Linda handed the I.D. holder back. "Are you that fucking brash?"

Lloyd smiled. "Yes," he said.

"Why don't you just question Stan baby yourself?"

"Because he'd probably want an attorney present. Because any admission of knowing Goff is an implicit admission of receiving stolen goods, accessory to first degree burglary and criminal conspiracy. What kind of man is Rudolph?"

"A pathetic little nerd who gets his rocks off taking nude pictures. A loud-mouthed buffoon. What specifically did this guy Goff do?"

"He's murdered at least three people."

Linda went pale. "Jesus. And you want me to pry information about him out of Stan baby?"

"Yes. And about his partner, who I'm certain is left-handed. Does Rudolph ever talk about his art collection and how he acquired it?"
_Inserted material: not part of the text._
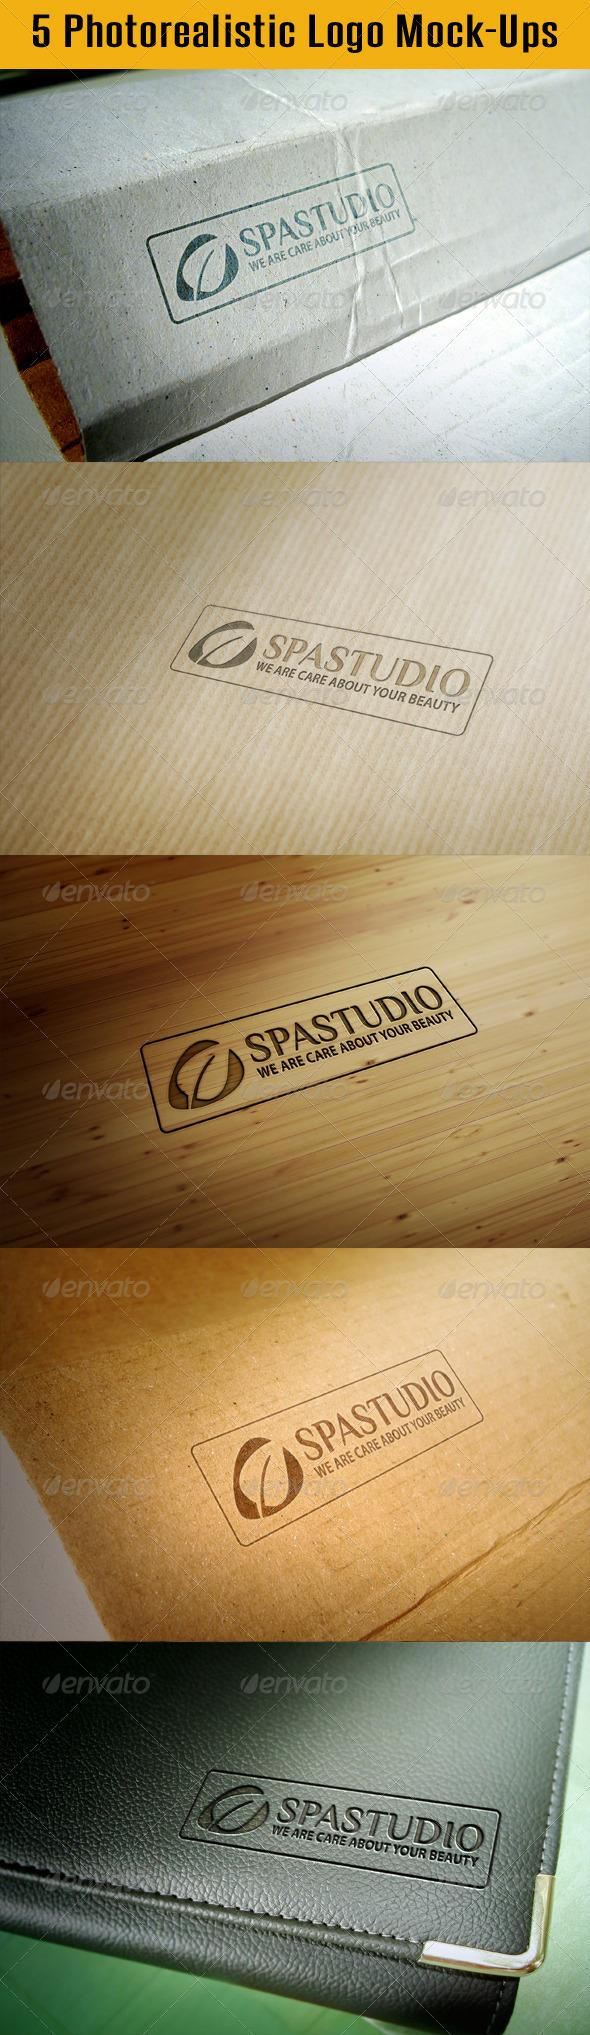 GraphicRiver 5 Photorealistic Logo Mock-Ups 4918145

Linda tapped Lloyd's arm and said, "Yes. His art collection is his favorite topic of conversation. It's all tied in to his sex M.O. He's told me a dozen times that he buys his stuff from rip-off guys. That's as specific as he gets. He used to have nude photographs of me on his bedroom walls, but he took them down because he was expecting some more Colombian statues. I haven't tricked with him in six weeks or so, so maybe he and Goff got together recently."
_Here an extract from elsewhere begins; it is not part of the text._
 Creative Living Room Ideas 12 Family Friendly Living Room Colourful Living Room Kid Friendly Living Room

Lloyd thought of the rectangular patches on Rudolph's bedroom wall, imagining the nude Linda he could have seen had he pulled his B amp;E a few months before. "Linda, do you think you-"

Linda Wilhite silenced him with a breathtaking coconspirator's smile. "Yes. I'll call Stan baby and set up a date, hopefully for tonight. Call me around one A.M., and don't worry, I'll be very cool."

Lloyd's conspiratorial smile felt like a blush. "Thank you."

"My pleasure. You were right, you know. I did enter therapy for a reason."

"What was it?"

"I want to quit the Life."

"Then I was right on two counts."

"What do you mean?"

"I told you you were no hooker."

Lloyd got up and walked out of the apartment, letting his exit line linger.***

With the Stanley Rudolph angle covered, Lloyd remembered an investigatory approach so rudimentary that he knew its very simplicity was the reason he had forgotten to explore it. Cursing himself for his oversight, he drove to a pay phone and called Dutch Peltz at the Hollywood Station, asking him to go across the street to the Hollywood Municipal Court and secure a subpoena for Jack Herzog's bank records. Dutch agreed to the errand, on the proviso that Lloyd fill him in at length on the case when he came by the station to pick up the paperwork. Lloyd agreed in return and drove to Herzog's apartment house in the Valley, thinking of Linda Wilhite all the way.

At Herzog's building, Lloyd went straight to the manager's apartment, flashed his badge, and asked him what bank the missing officer's rent checks were drawn on. Without hesitation, the frail old man said, "SecurityPacific, Encino branch," then launched into a spiel on how other officers had been by the previous day and had sealed the nice Mr. Herzog's nice apartment.

After thanking the manager, Lloyd drove back over the Cahuenga Pass to the Hollywood Station. He found Dutch Peltz in his office, muttering, "Yes, yes," into the telephone. Dutch looked up, drew a finger across his throat and whispered, "I.A.D." Lloyd took a chair across from him and put his feet up on the desk. Dutch muttered, "Yes, Fred, I'll tell him," and hung up. He turned to Lloyd and said, "Good news and bad news. Which would you prefer first?"

"Take your pick," Lloyd said.

Dutch smiled and poked Lloyd's crossed ankles with a pencil. "The good news is that Judge Bitowf issued your subpoena with no questions asked. Wasn't that nice of him?"

Lloyd took in Dutch's grin and raised his feet as if to kick his precious quartz bookend off the desk. "Tell me what Fred Gaffaney had to say. Omit nothing."